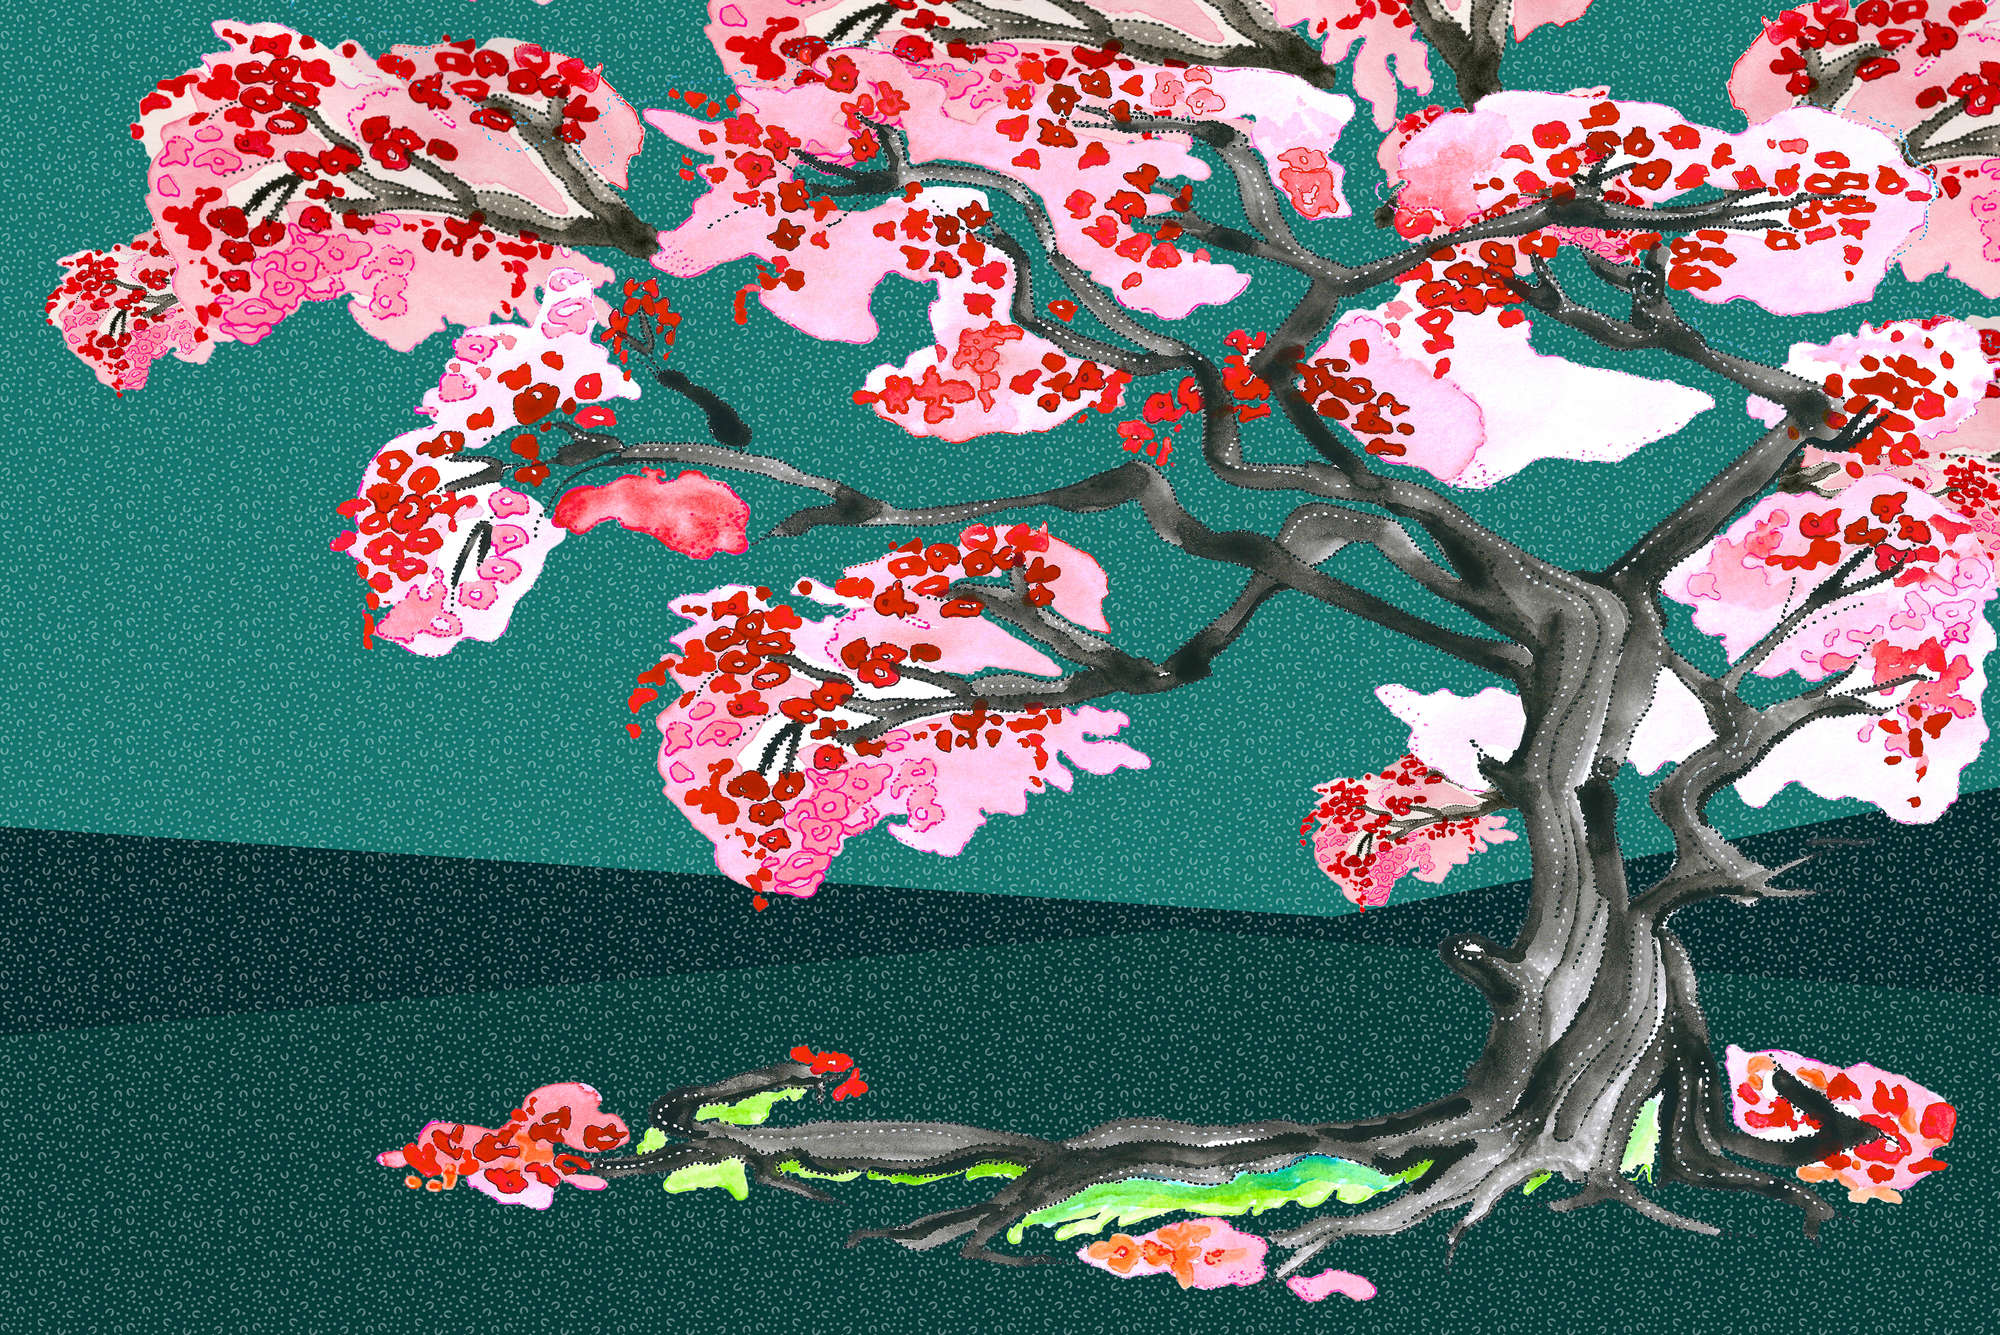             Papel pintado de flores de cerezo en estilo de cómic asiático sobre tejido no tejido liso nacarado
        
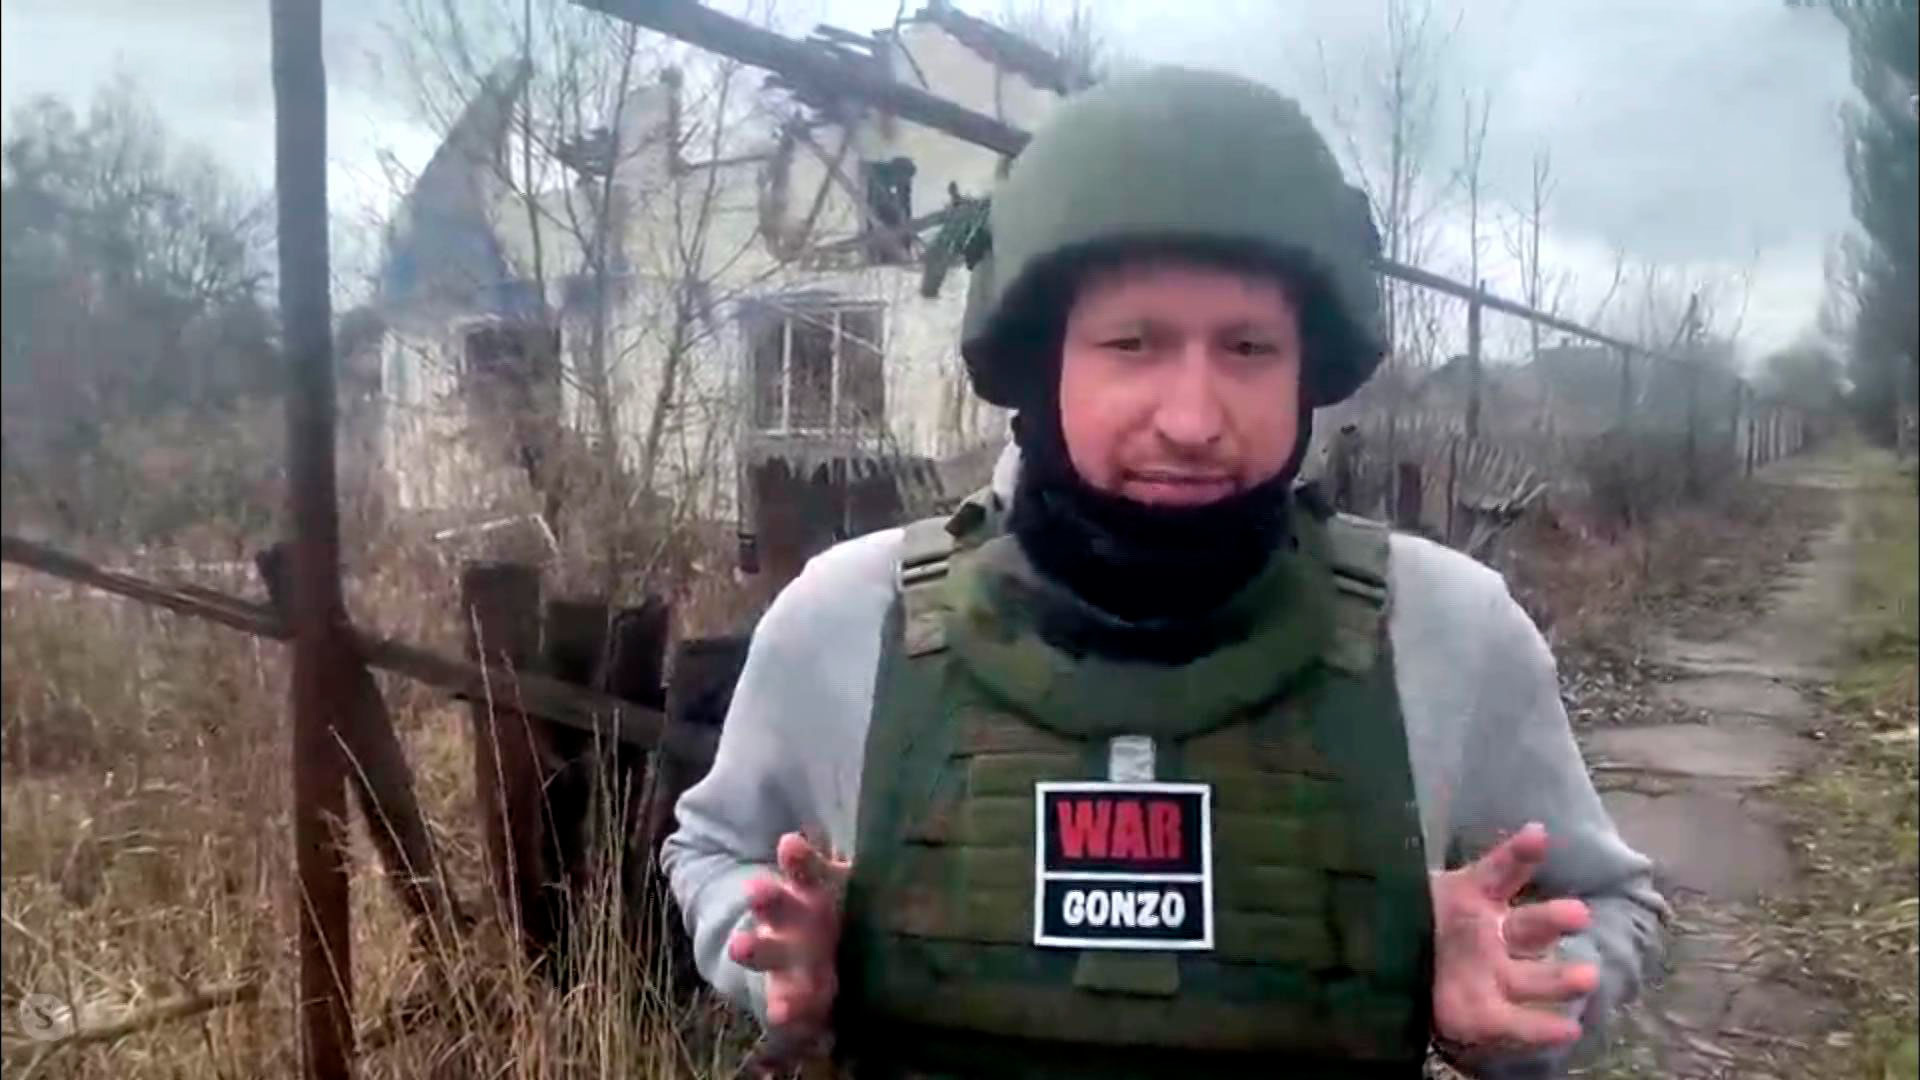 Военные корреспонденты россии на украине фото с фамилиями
★ ★ ★ ★
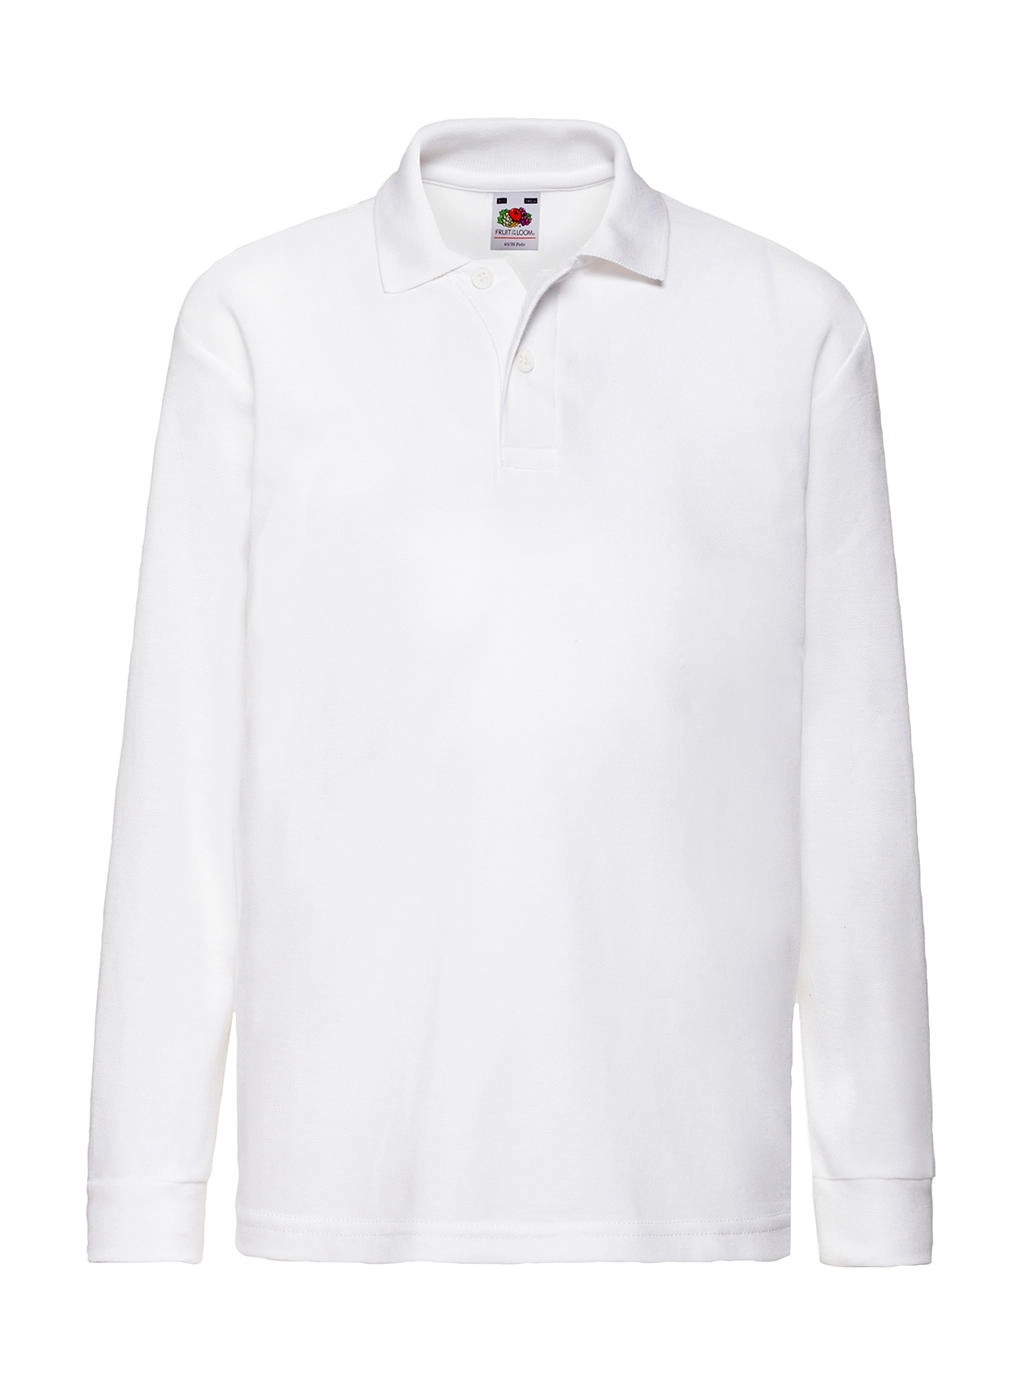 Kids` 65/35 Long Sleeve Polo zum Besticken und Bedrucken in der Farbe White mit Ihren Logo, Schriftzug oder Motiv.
★ ★ ★ ★
## Exercise details:
Each line above from the one containing "Papel pintado de" through the one containing "Военные корреспонденты россии" is to be returned verbatim. Nothing else, and no pictures.

## Task response:
             Papel pintado de flores de cerezo en estilo de cómic asiático sobre tejido no tejido liso nacarado
        
 Военные корреспонденты россии на украине фото с фамилиями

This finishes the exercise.